Although it is composed of B, 24A, and 24B, each may be composed of one member. In short, cylinder block 1
The shapes and materials of 0 to 13 and the pistons 20 to 22 and the like are not limited to the shapes and the like of the above-mentioned embodiment, and other shapes and the like may be used.

[0051]

According to the pump of the present invention as described above, even when the pump for pressure feeding is used, the sealing material can be eliminated, and a high viscosity liquid can be obtained without using the pump for pressure feeding. There is an effect that the liquid can be ejected, and even if the liquid is extremely small, it can be ejected with high precision.

[Brief description of drawings]

FIG. 1 is a schematic configuration diagram showing a system using a pump according to an embodiment of the present invention.

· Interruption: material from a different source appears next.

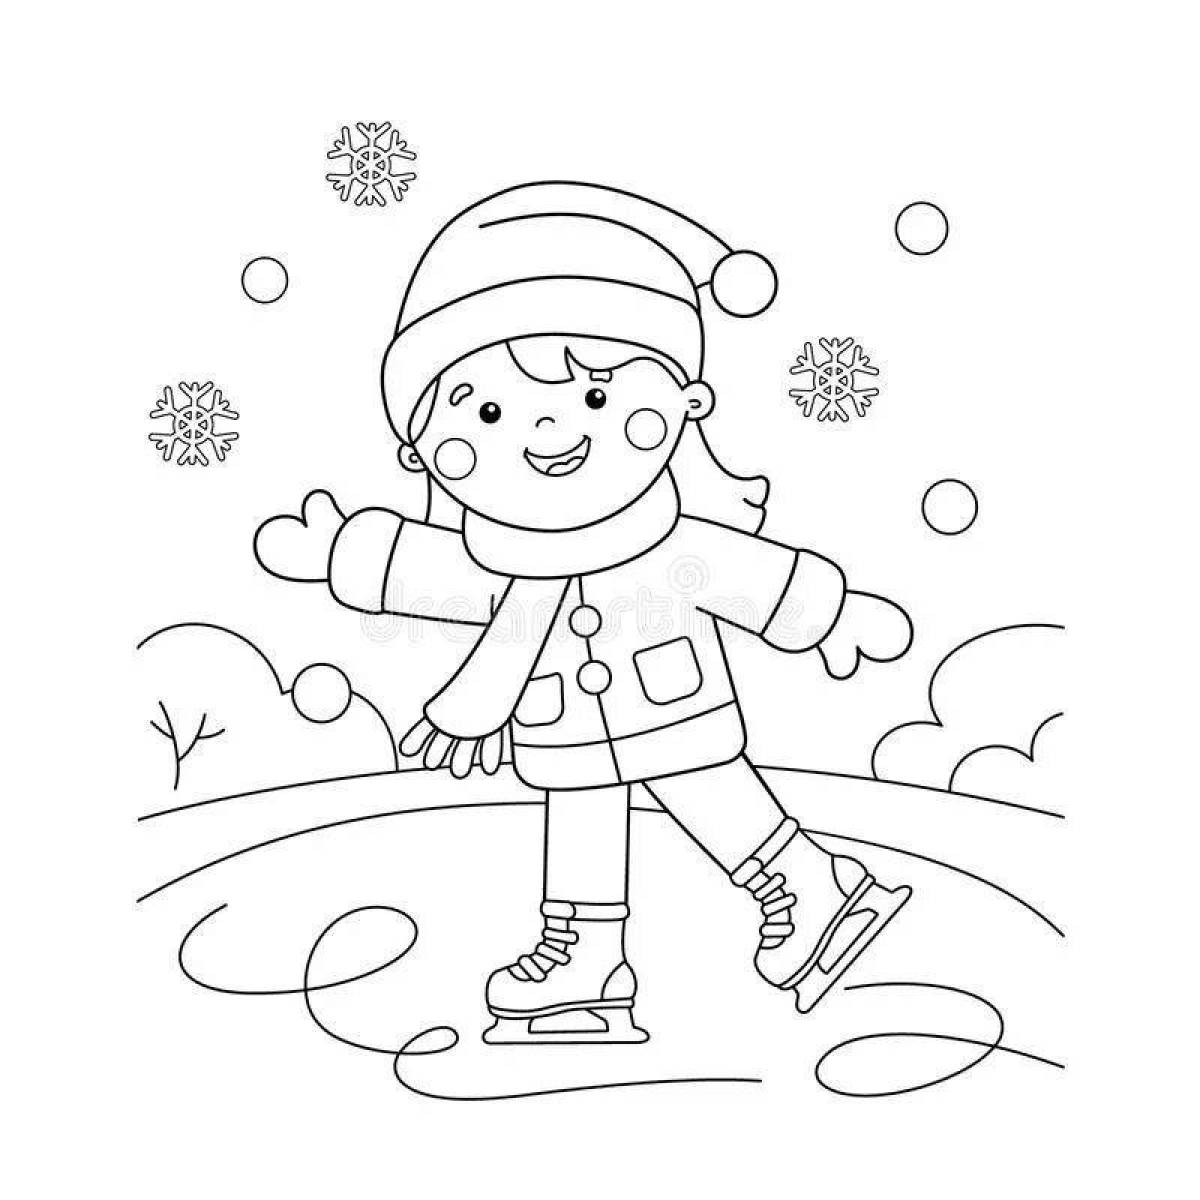 Fantastic winter sports coloring book for 4-5 year olds

FIG. 2 is a vertical sectional view showing a drive unit of the pump of the embodiment.

FIG. 3 is a vertical sectional view showing a pump portion of the pump of the embodiment.

FIG. 4 is an explanatory view showing the operation of the pump section of the above-mentioned embodiment.

5 is an explanatory diagram showing a continuation of the operation of FIG. 4. FIG.

FIG. 6 is a schematic configuration diagram showing a system using a pump of a modified example of the invention.

FIG. 7 is a vertical cross-sectional view showing a pump portion of the pump of the modified example.

[Explanation of Codes] 1 Pump 2 Drive part 3 Pump part 5 Controller 7 Liquid 14 1st cylinder 15 2nd cylinder 16 3rd cylinder 20 1st piston 21 2nd piston 22 3rd piston 23 1st coil spring 24 2nd coil Spring 25 Third coil spring 30 Container 35 Discharge port 35A Abutment face 36 Valve seat 36A Abutment face 40 Valve rod 40A Abutment face 42 Discharge port opening / closing valve 43 Discharge pipe 43A Groove hole 44 Discharge member 46 Liquid supply part 47 Valve pipe 47A Groove hole 48 Opening / closing member 48A Contact surface 49 Supply part opening / closing valve 58 Drive mechanism 70 Container 71 Pipe 72 Holding plate 73 Holding plate 74 Stay

Claims (3)

[Claims] 1. A container having a discharge port for discharging a liquid,
A discharge port opening / closing valve that is arranged in the container to open and close the discharge port; a discharge member that is arranged in the container and is arranged concentrically outside the discharge port opening / closing valve to discharge the liquid; A supply part opening / closing valve, which is arranged inside and concentrically outside the discharge member and opens / closes a liquid supply part communicating with the discharge port from the inside of the container, and the discharge port opening / closing valve, the discharge member and the supply part A pump comprising: a drive mechanism that drives each of the on-off valves by a predetermined operation. 2. The pump according to claim 1, wherein the discharge port opening / closing valve and the supply section opening / closing valve are provided with a contact surface formed into a convex spherical surface and a discharge port formed in a concave tapered surface and a liquid supply section. A pump which is configured to open and close the discharge port and the liquid supply unit by coming into contact with and separating from the contact surface. 3. The pump according to claim 1, wherein
The discharge port on-off valve and the discharge member and the discharge member and the supply part on-off valve are in sliding contact with each other, and at an intermediate portion of the discharge member and the supply part on-off valve arranged in the container. A pump is characterized in that holes are formed, and the insides of the discharge member and the supply part opening / closing valve are communicated with the inside of the container through these holes.